» **WORK ITEM**
Exactly as written, write out the lines below from the first to the one containing "mannen fiets rekje", inclusive. Pictures do not belong in the copy.

» **SOURCE MATERIAL**
== Segment start ==
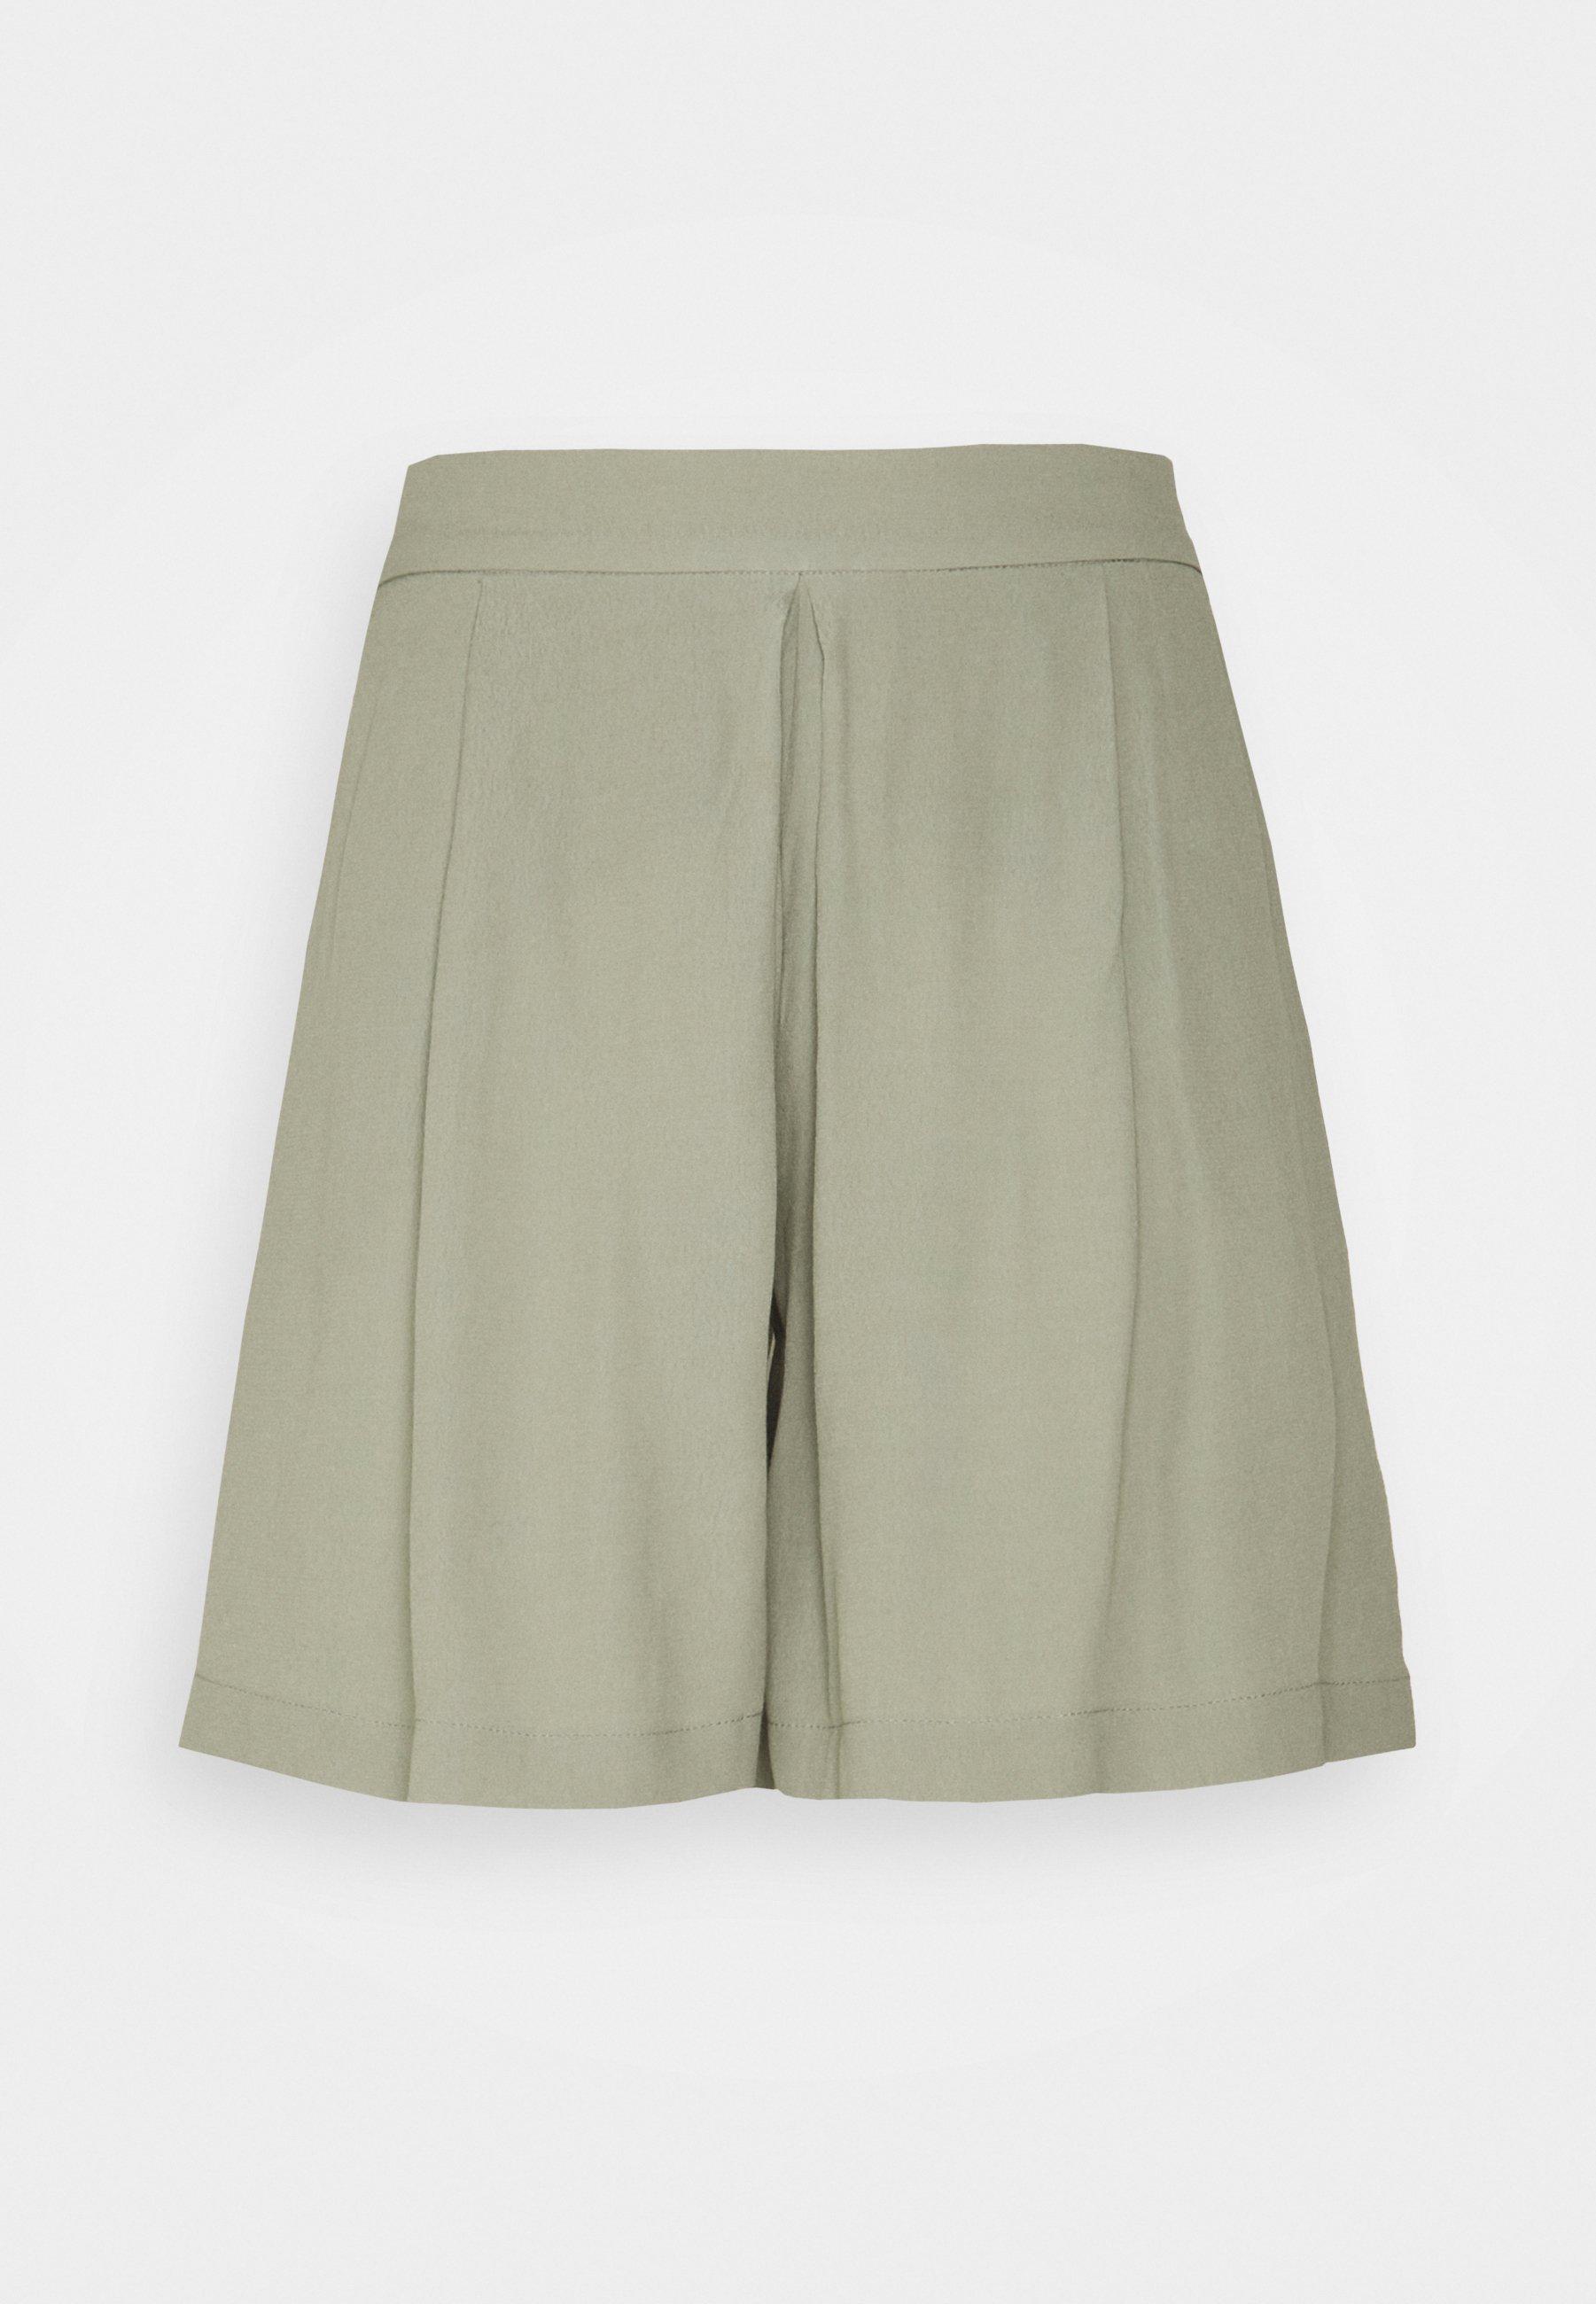 Donna LILLI DAPHNE - Shorts
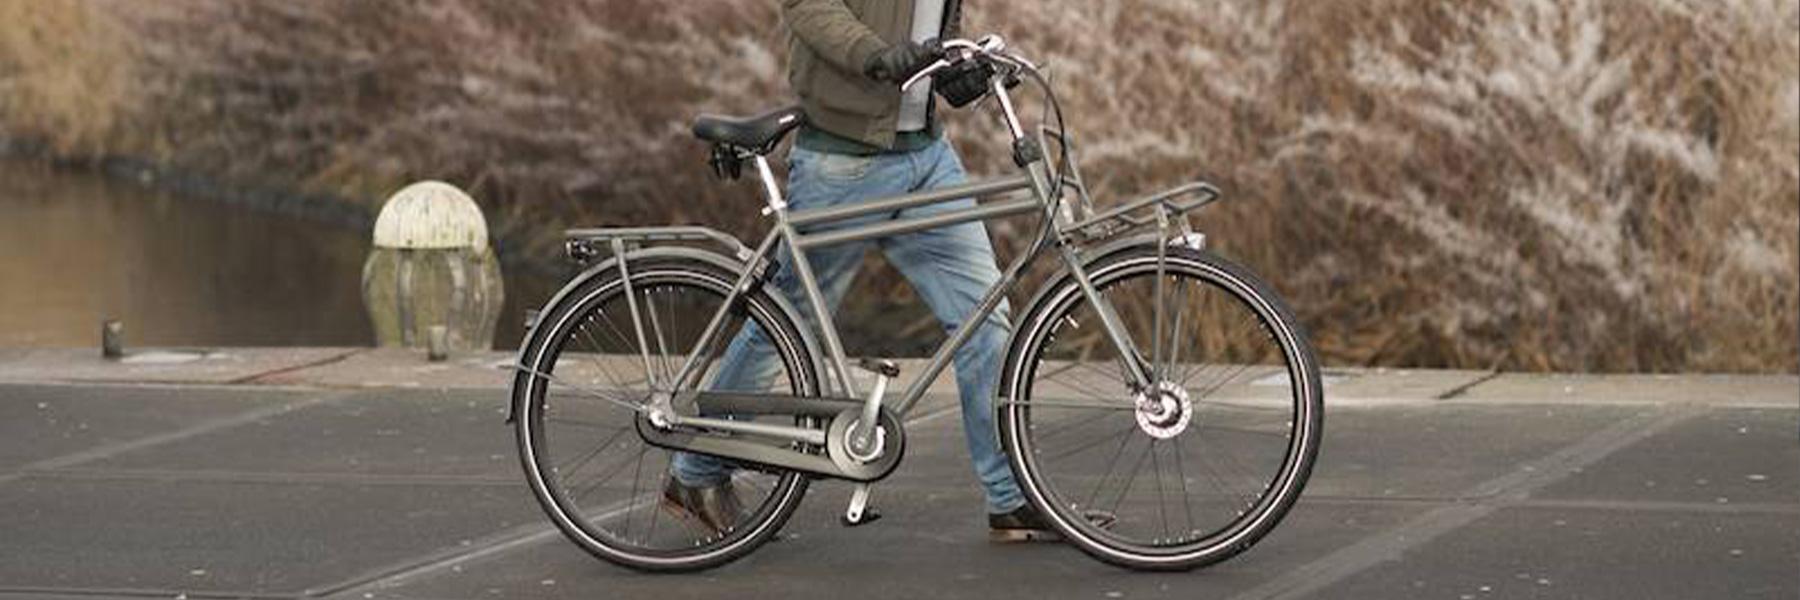 """alt=""""Union mannen fiets rekje buitenDrie mooie fietsroutes in Utrecht"""""""
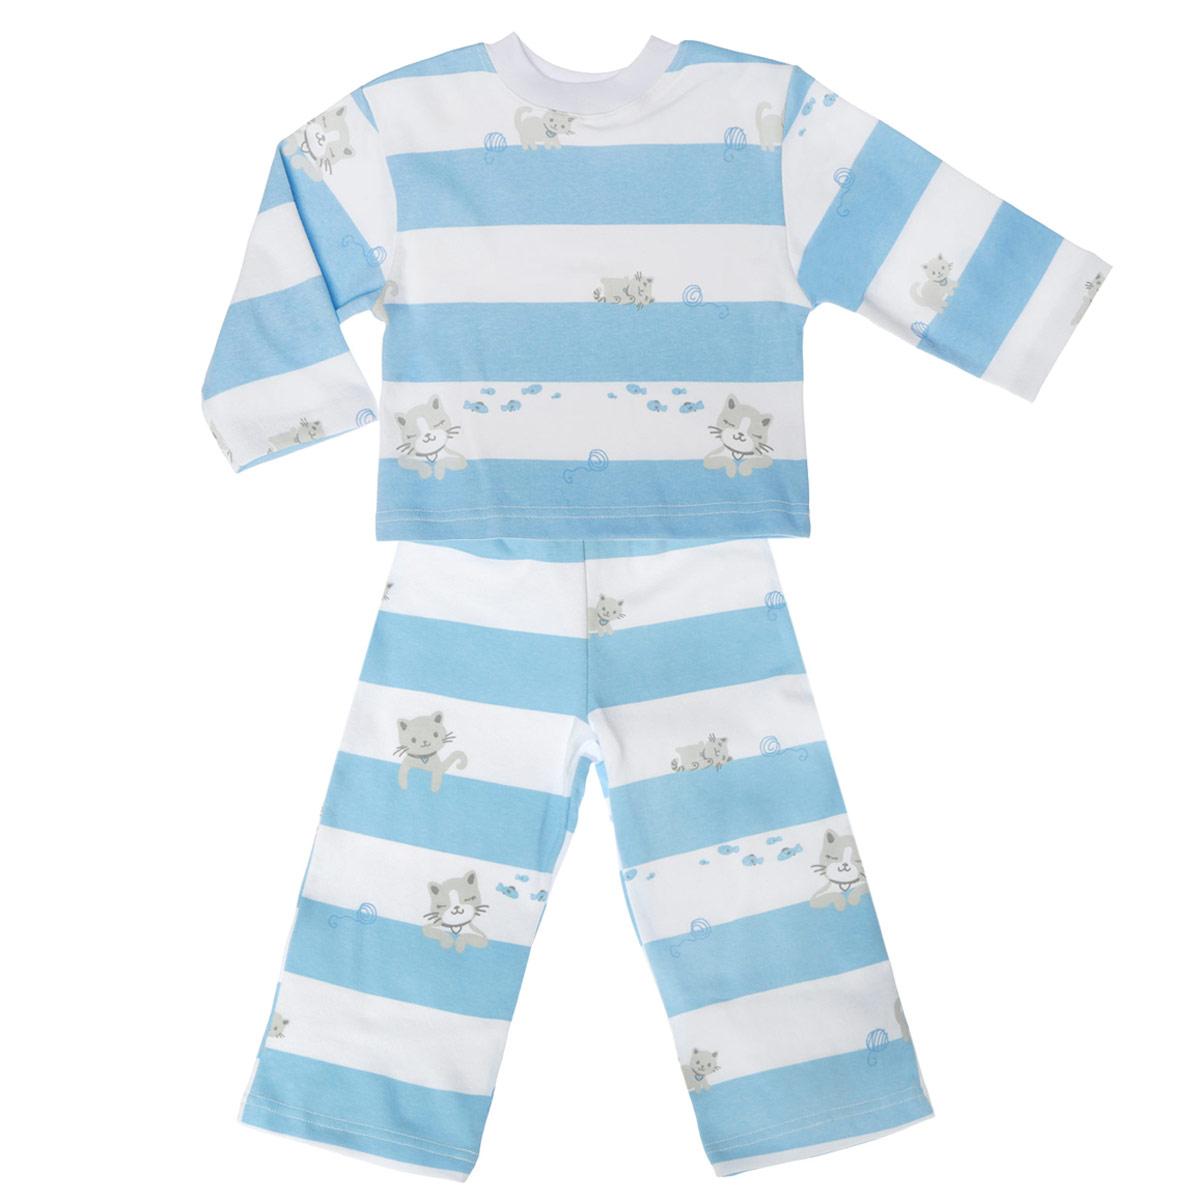 Пижама5584_котенок, полоскиУютная детская пижама Трон-плюс, состоящая из джемпера и брюк, идеально подойдет вашему ребенку и станет отличным дополнением к детскому гардеробу. Изготовленная из натурального хлопка, она необычайно мягкая и легкая, не сковывает движения, позволяет коже дышать и не раздражает даже самую нежную и чувствительную кожу ребенка. Джемпер с длинными рукавами и круглым вырезом горловины оформлен ненавязчивым принтом в полоску, а также изображениями котенка. Вырез горловины дополнен трикотажной эластичной резинкой. Брюки на талии имеют эластичную резинку, благодаря чему не сдавливают живот ребенка и не сползают. Оформлены брючки также ненавязчивым принтом в полоску и изображениями котенка. В такой пижаме ваш ребенок будет чувствовать себя комфортно и уютно во время сна.
== Segment end ==
» **YOUR RESPONSE**
 Donna LILLI DAPHNE - Shorts
 """alt=""""Union mannen fiets rekje buitenDrie mooie fietsroutes in Utrecht"""""""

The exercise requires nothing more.